Все, до мельчайших подробностей, было, как в далекие годы его детства: купание перед сном, укладывание в постель… Накрывая его одеялом, нянька удивленно заметила:
— Уж слишком вы тихий сегодня, мастер Бобби, — надеюсь, вы не собираетесь разболеться?
Роберт лежал в постели с открытыми глазами — все предметы в спальне были отчетливо видны даже при тусклом свете ночника. Что-то уж слишком долго этот сон — а может быть, это был особый, предсмертный сон, про который говорят: «Вся его жизнь промелькнула перед ним в эту минуту». В конце концов, ведь он не совсем поправился после болезни…
В этой связи он вдруг вспомнил того странного человека — Прендергаст, кажется, была его фамилия, который посетил его, когда он был совсем плох. От неожиданности этого воспоминания Роберт даже приподнял голову с подушки и сильно ущипнул себя за руку — люди почему-то всегда щипали себя за руку, когда хотели убедиться, что все происходящее не сон. Те люди, которые, как упомянул этот Прендергаст, говорили: «О, если б только мог прожить свою жизнь заново!».
Но это было совершенно нелепо, абсолютный нонсенс, и к тому же человеческая жизнь не начиналась в семилетием возрасте — это противоречило всем законам природы… Но вдруг… вдруг в этом была одна мультимиллионная доля вероятности и то, о чем говорил странный человечек, действительно произошло…

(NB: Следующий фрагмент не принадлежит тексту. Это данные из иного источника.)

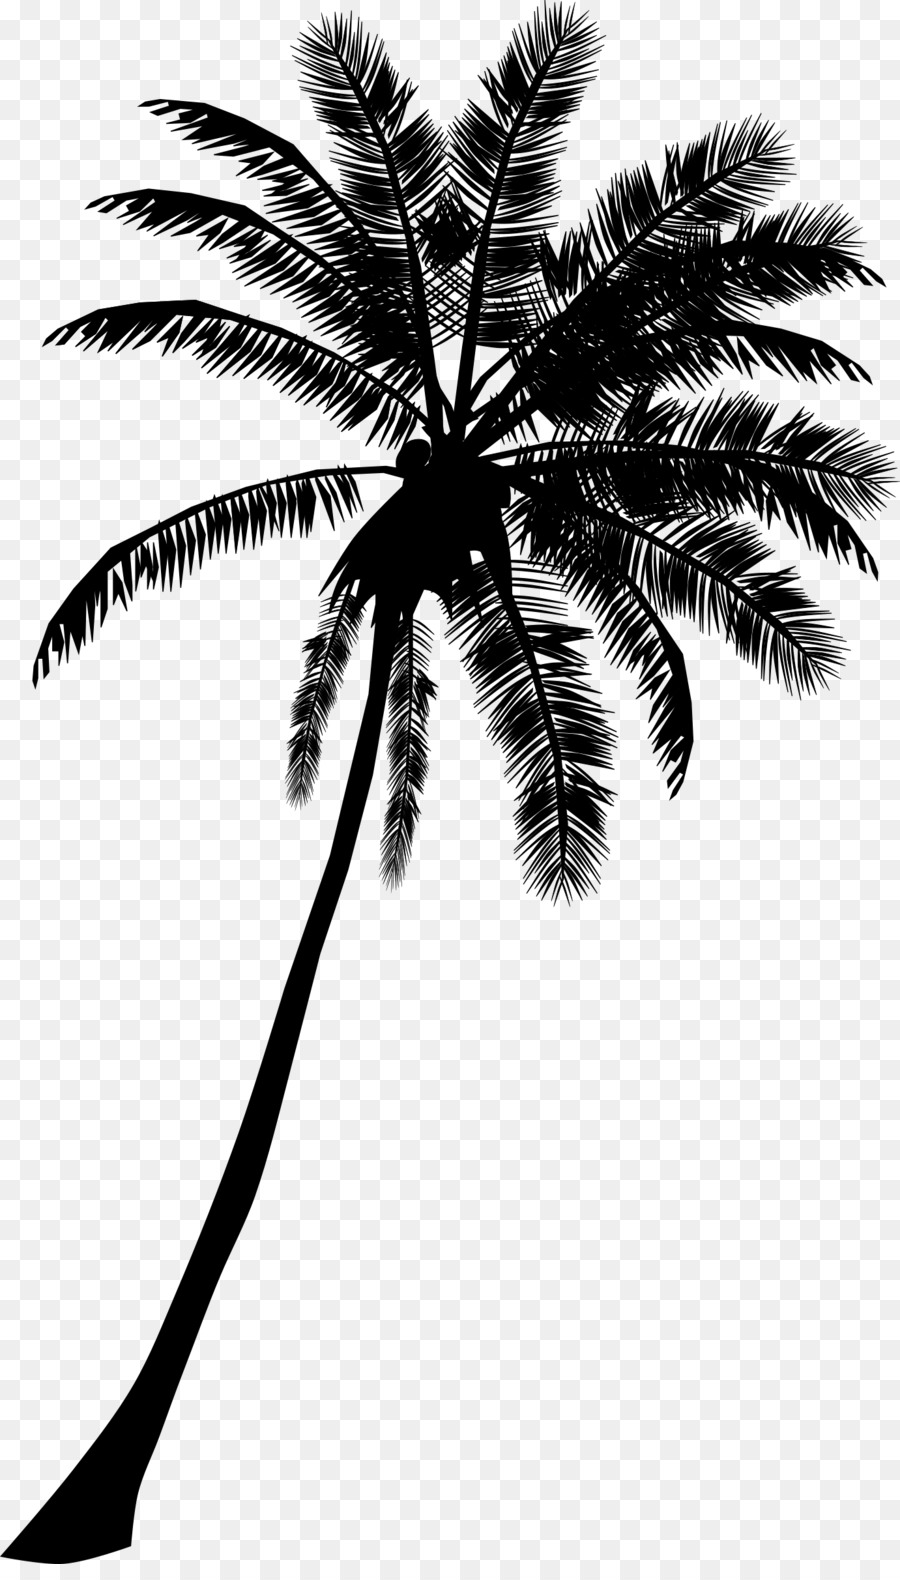 Arecaceae Tree Cdr Silhouette Clip art - coconut tree png download - 1381*2400 - Free Transparent Arecaceae png Download.

Бобби Финнерсон лежал в своей кроватке не шевелясь и тихонько обдумывал все открывающиеся перед ним возможности. Он достаточно преуспел в прошлой жизни благодаря своему незаурядному интеллекту, но теперь, вооруженный знанием того, что произойдет в будущем, было даже трудно представить, чего только он мог бы добиться! А технические и научные открытия, предвидение первой и второй мировых войн и используемого в них оружия — все это предоставляло невиданные возможности. Конечно, нарушать ход истории было бы предосудительно, но вместе с тем, что мешало ему, например, предупредить американцев о готовящемся нападении на Пирл-Харбор или французов о планах, вынашиваемых Гитлером? Нет, где-то здесь должна была быть какая-то загвоздка, мешающая ему сделать нечто подобное, но в чем она состояла?